Please repeat only the lines below starting at the line that holds "Barnic Slab Extralight Italic image" and ending at the line that holds "patrón geométrico étnico", exactly, with both of those lines included and every picture omitted.

Records for processing:
"""
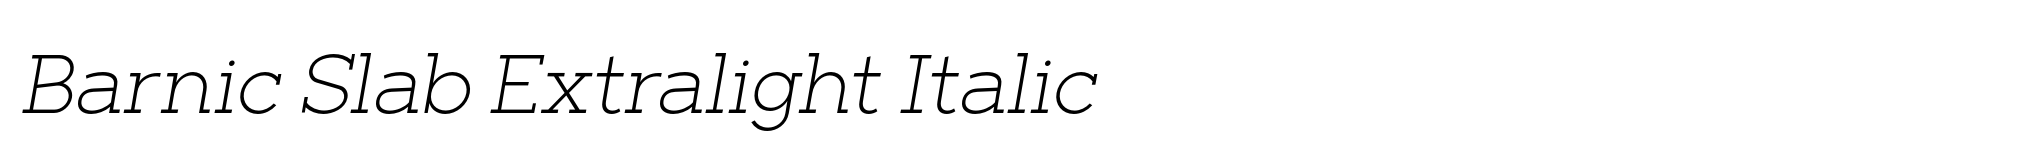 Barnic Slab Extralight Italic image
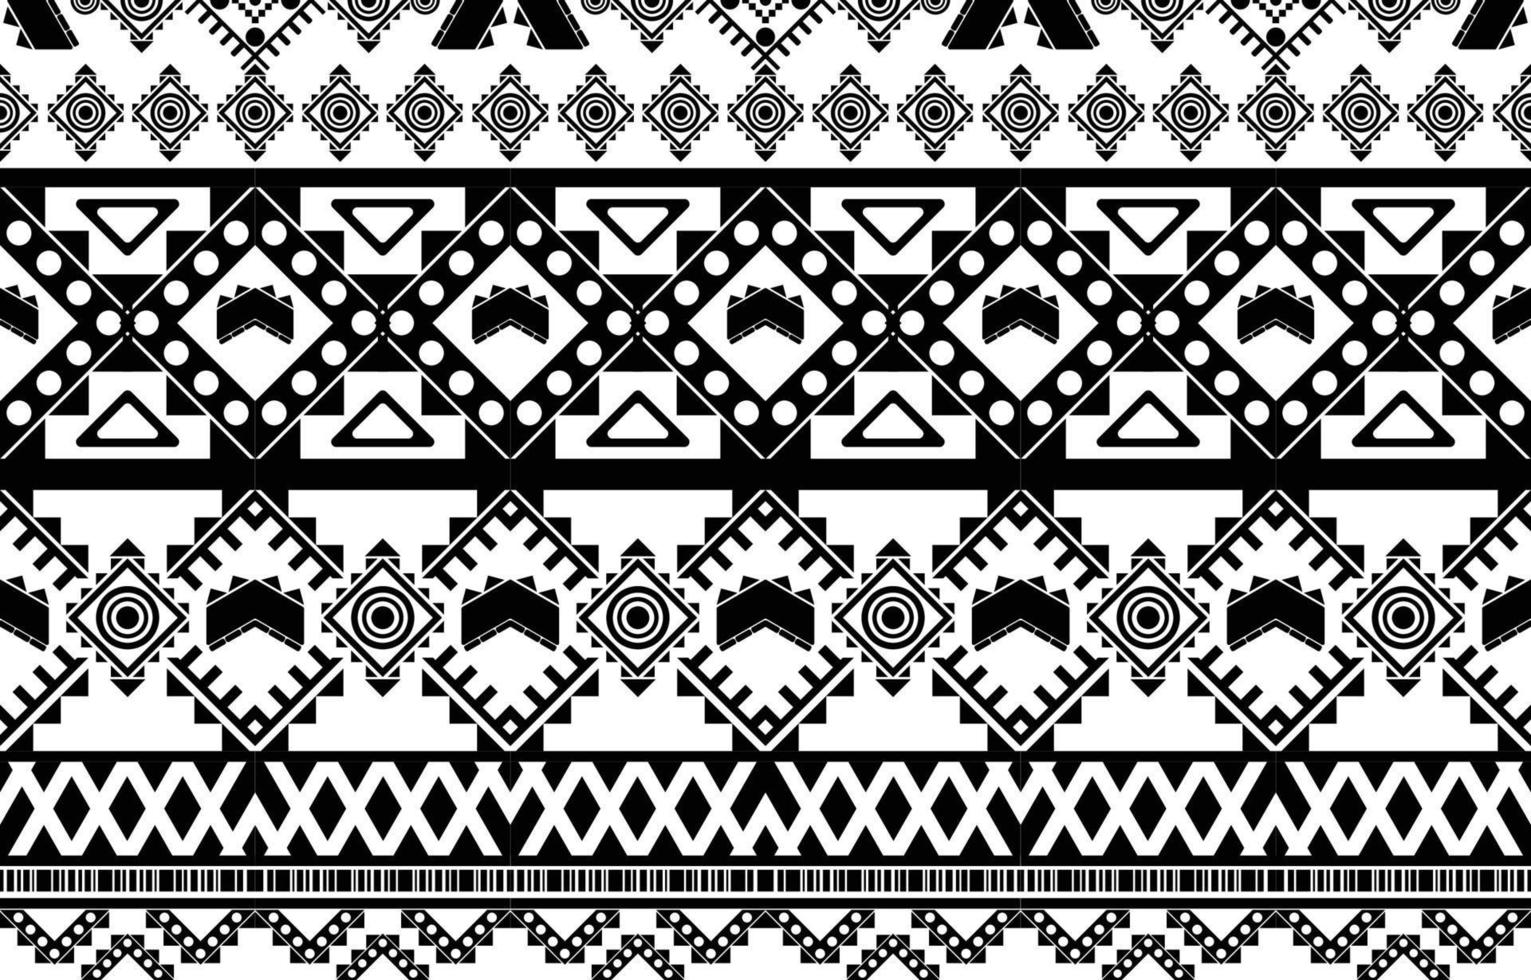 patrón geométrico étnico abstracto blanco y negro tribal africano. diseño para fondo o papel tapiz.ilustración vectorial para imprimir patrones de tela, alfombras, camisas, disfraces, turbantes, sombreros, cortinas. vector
"""
"""
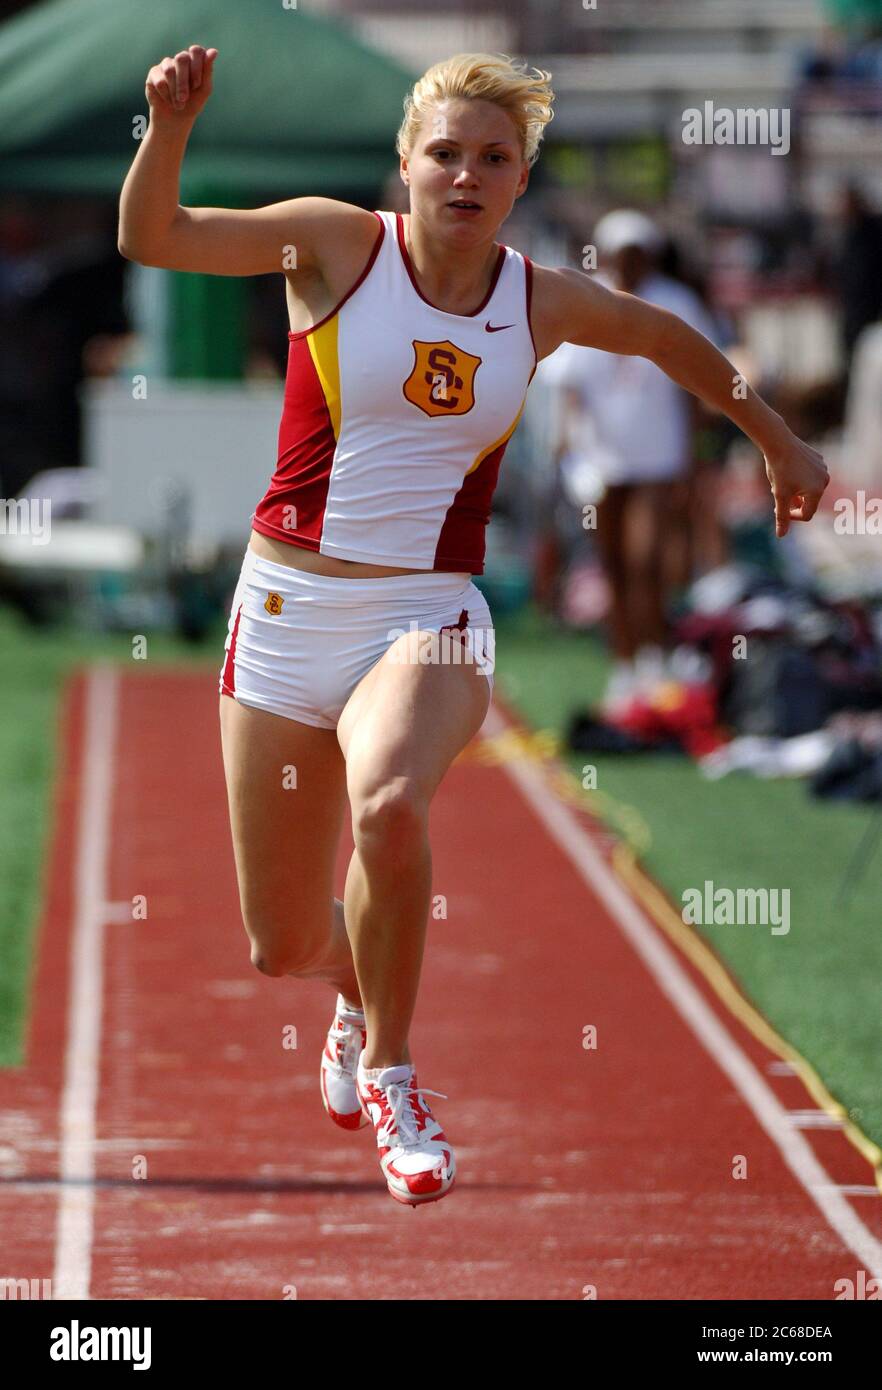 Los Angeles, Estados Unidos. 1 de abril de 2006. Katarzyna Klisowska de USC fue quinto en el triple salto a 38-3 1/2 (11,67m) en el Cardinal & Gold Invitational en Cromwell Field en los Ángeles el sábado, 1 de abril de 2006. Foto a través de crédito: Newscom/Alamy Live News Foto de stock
"""
Response area:
 Barnic Slab Extralight Italic image
 patrón geométrico étnico abstracto blanco y negro tribal africano. diseño para fondo o papel tapiz.ilustración vectorial para imprimir patrones de tela, alfombras, camisas, disfraces, turbantes, sombreros, cortinas. vector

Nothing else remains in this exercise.